■ TASK STATEMENT: Whenever a picture appears, leave it out while repeating all the other data exactly.

■ SOURCE MATERIAL:
★ ★ ★

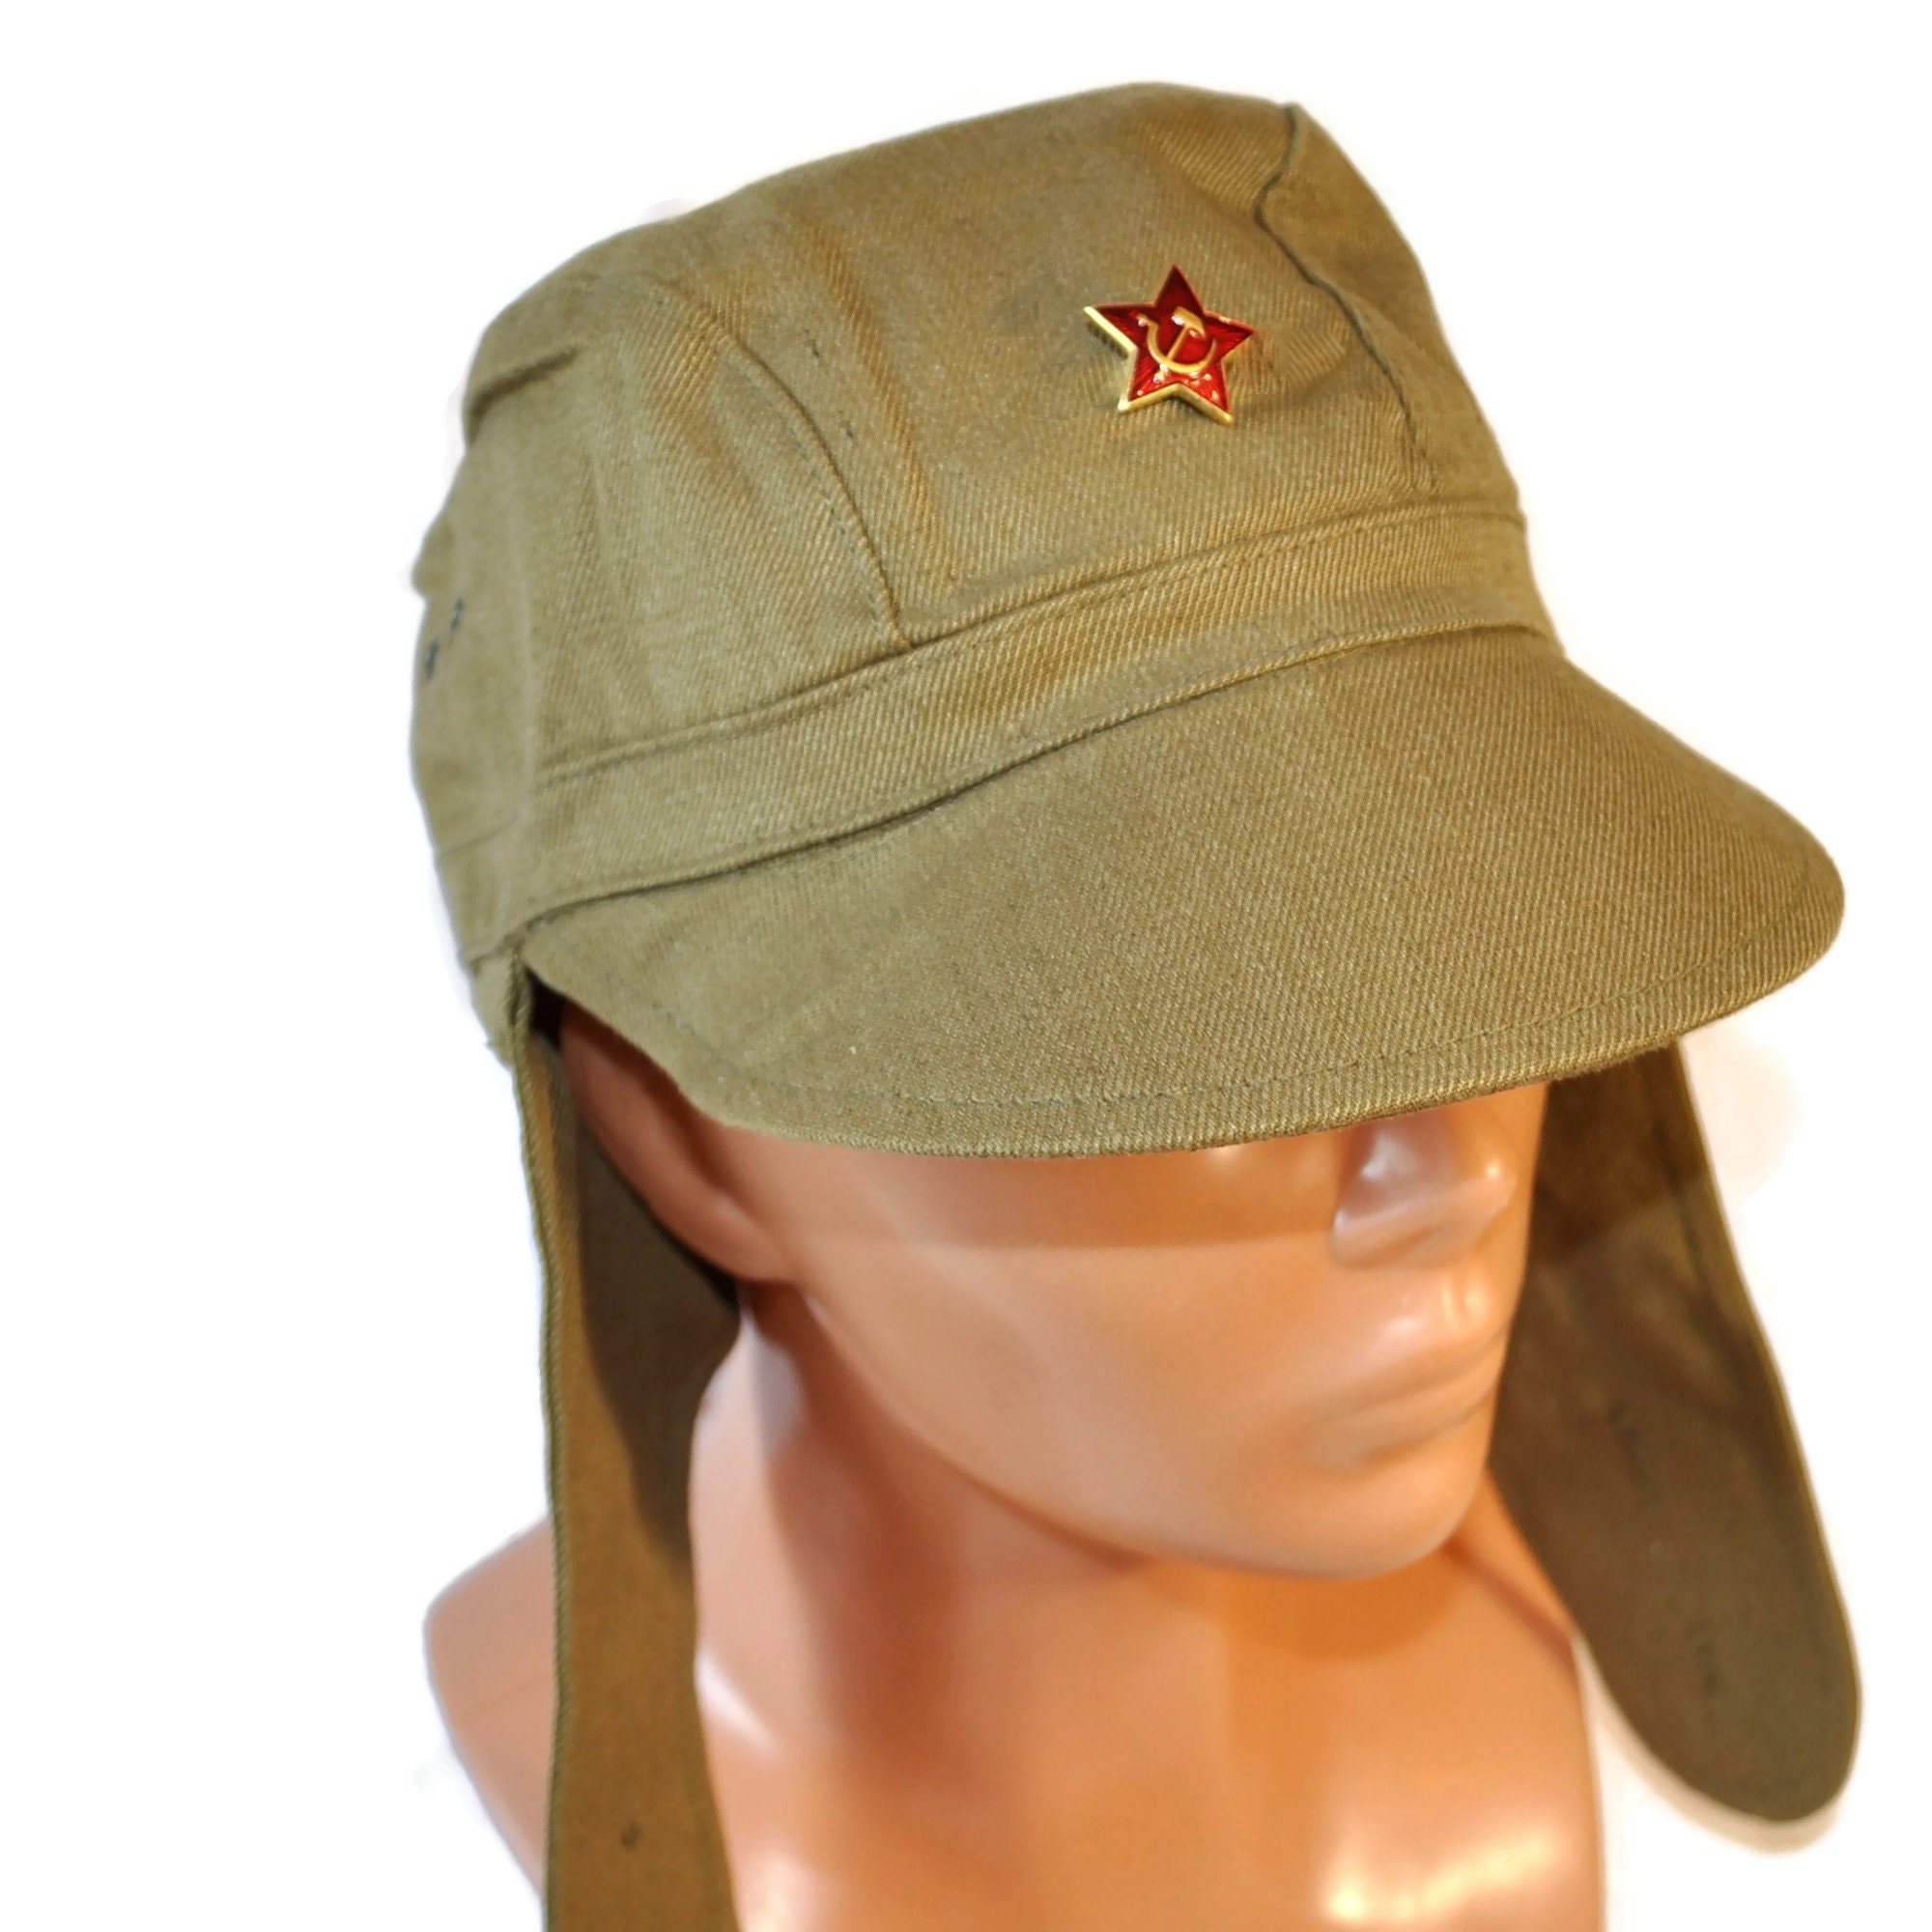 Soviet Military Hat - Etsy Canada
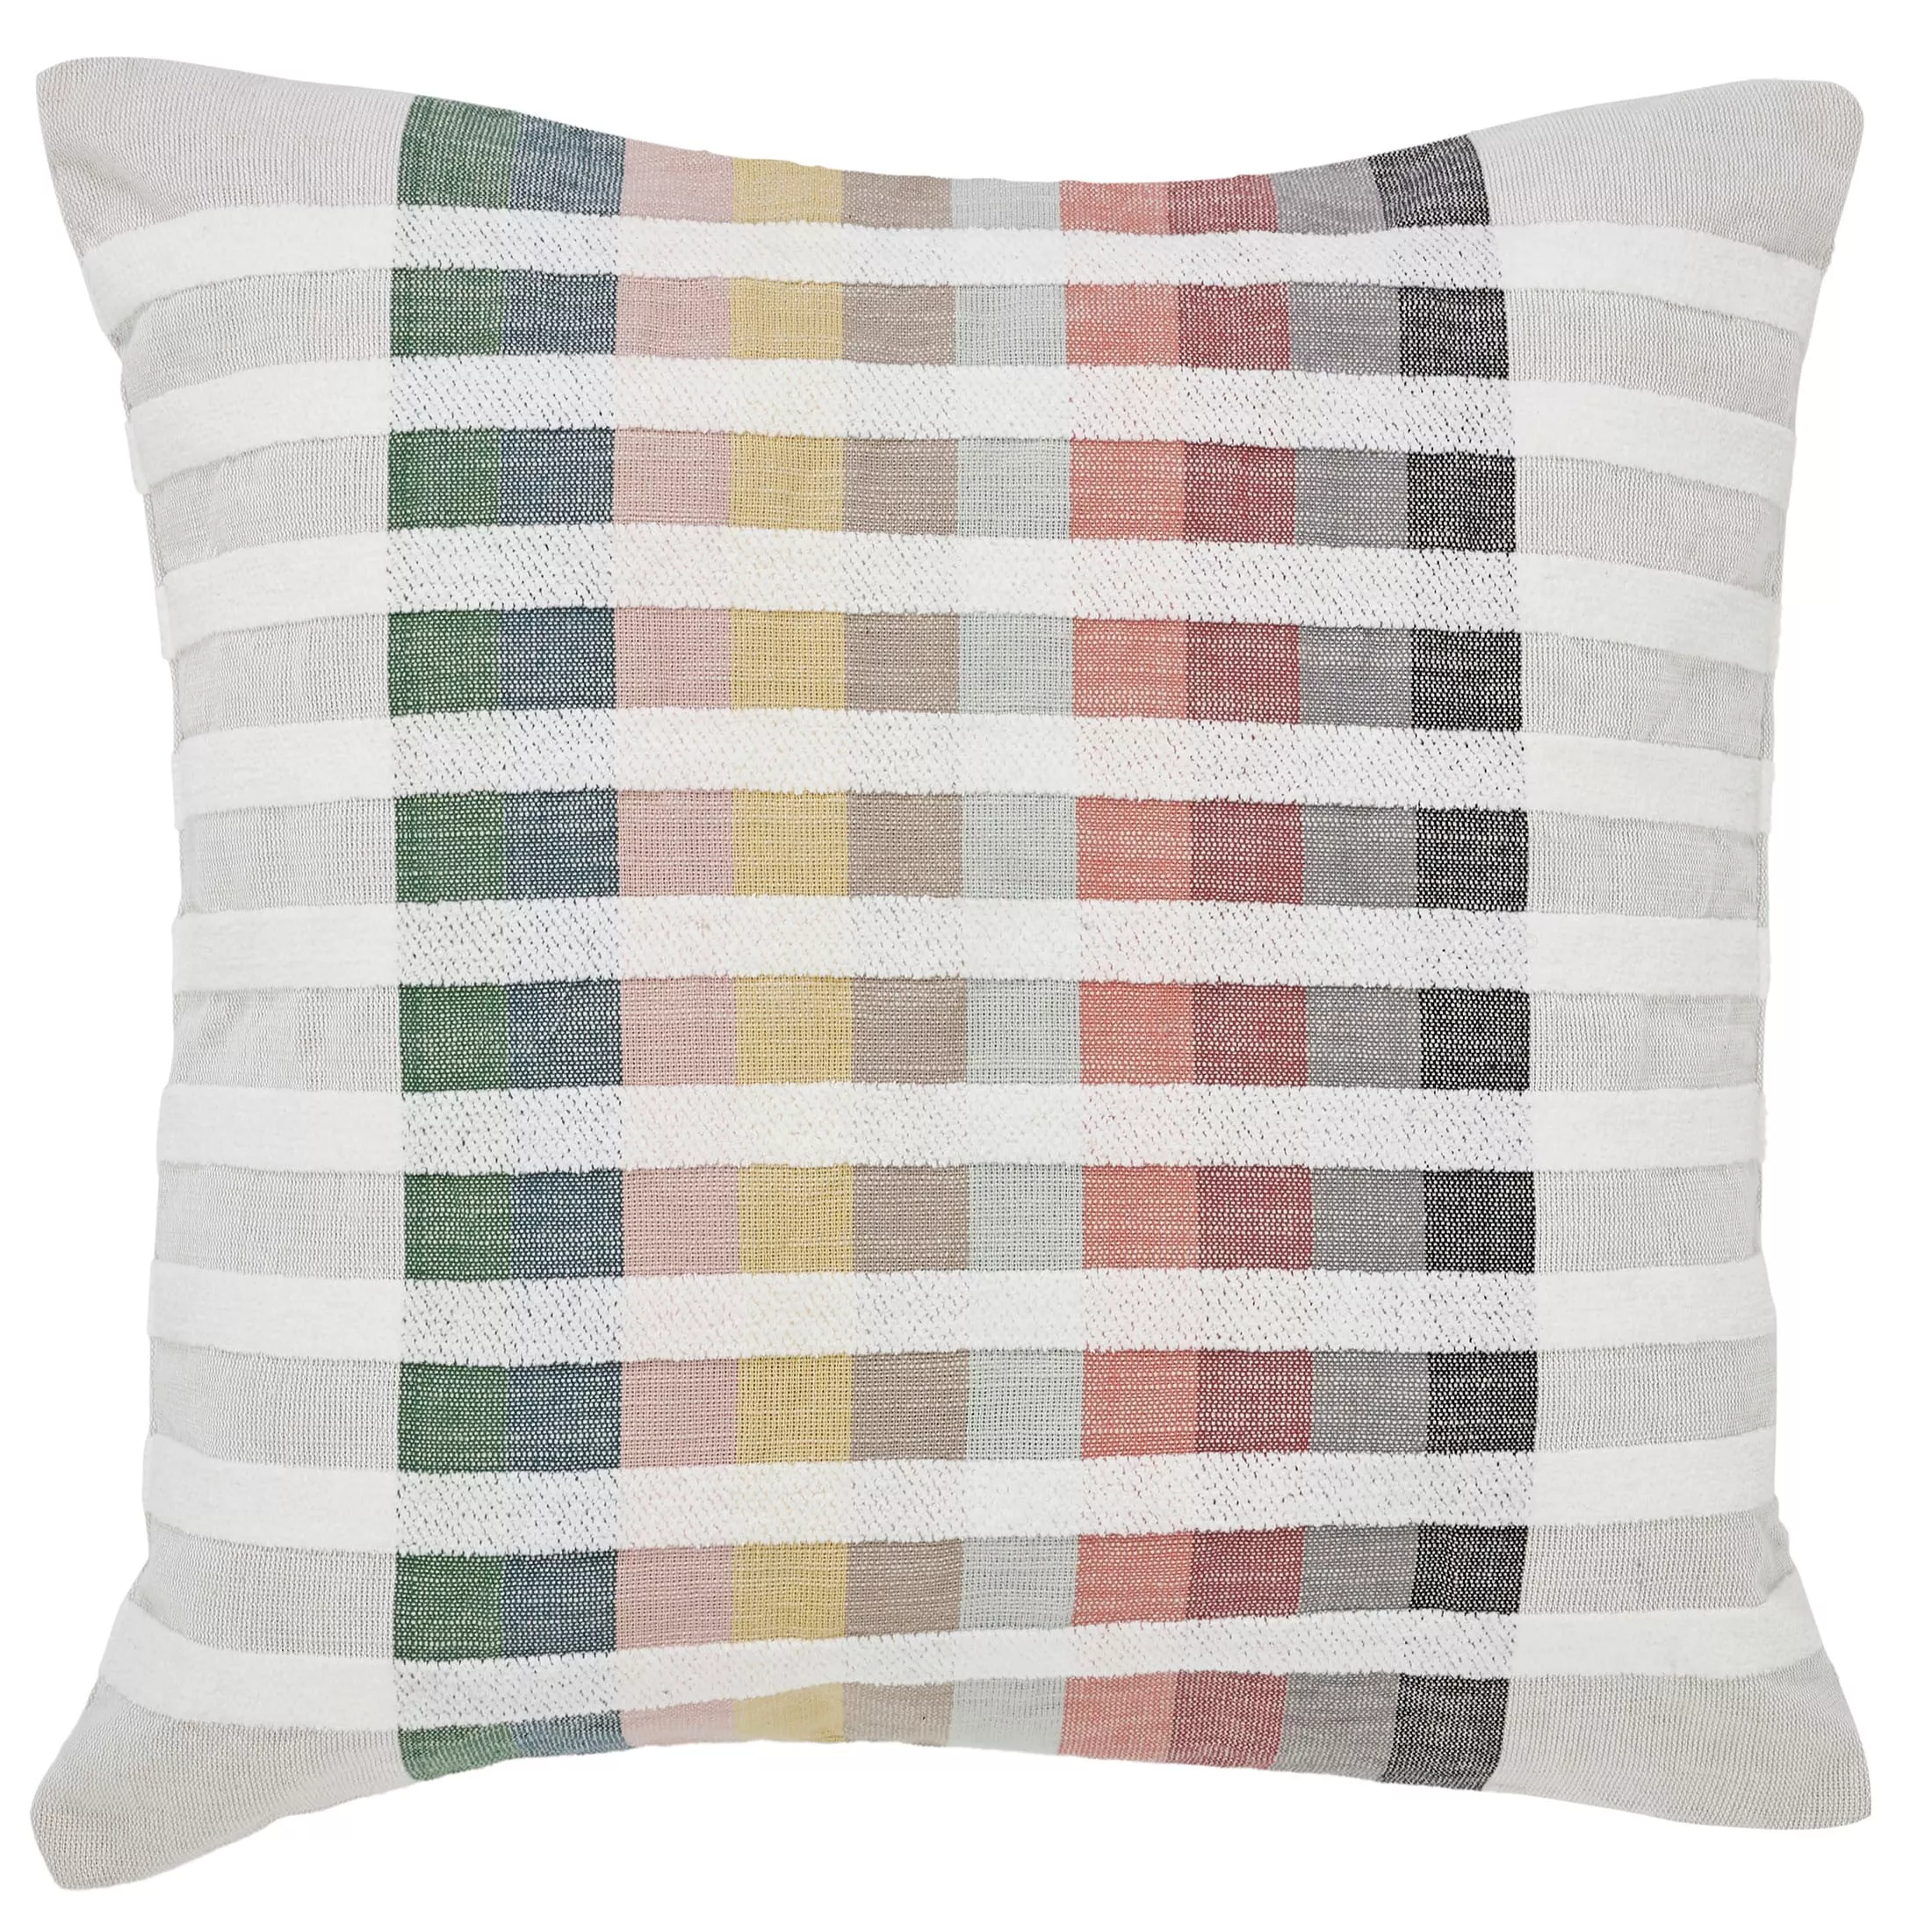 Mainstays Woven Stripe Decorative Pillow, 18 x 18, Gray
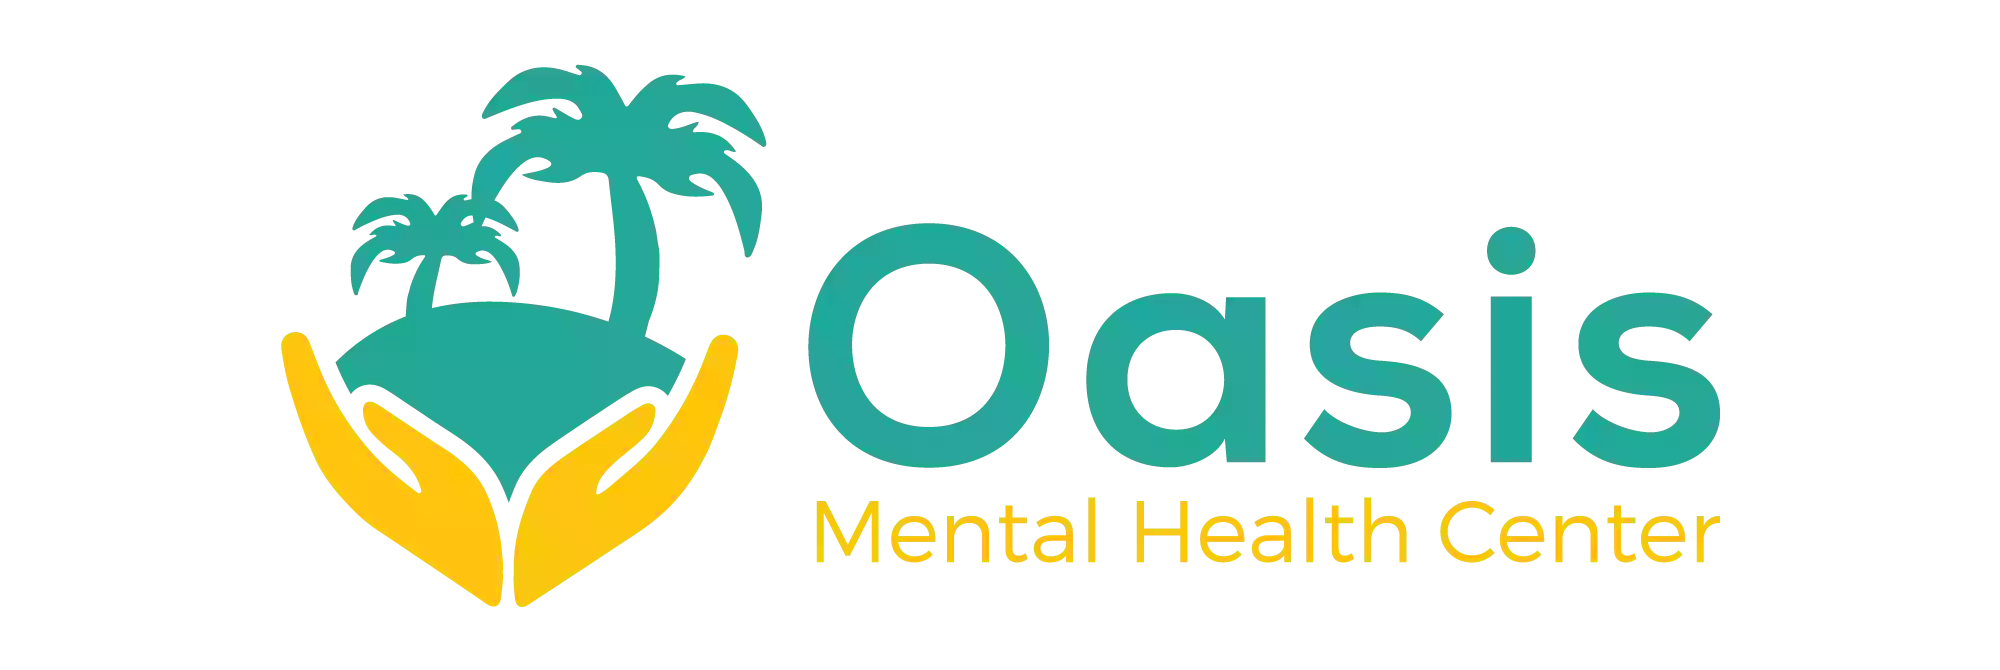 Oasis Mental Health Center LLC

★ ★ ★

■ EXERCISE RESPONSE:
 Soviet Military Hat - Etsy Canada
 Mainstays Woven Stripe Decorative Pillow, 18 x 18, Gray
 Oasis Mental Health Center LLC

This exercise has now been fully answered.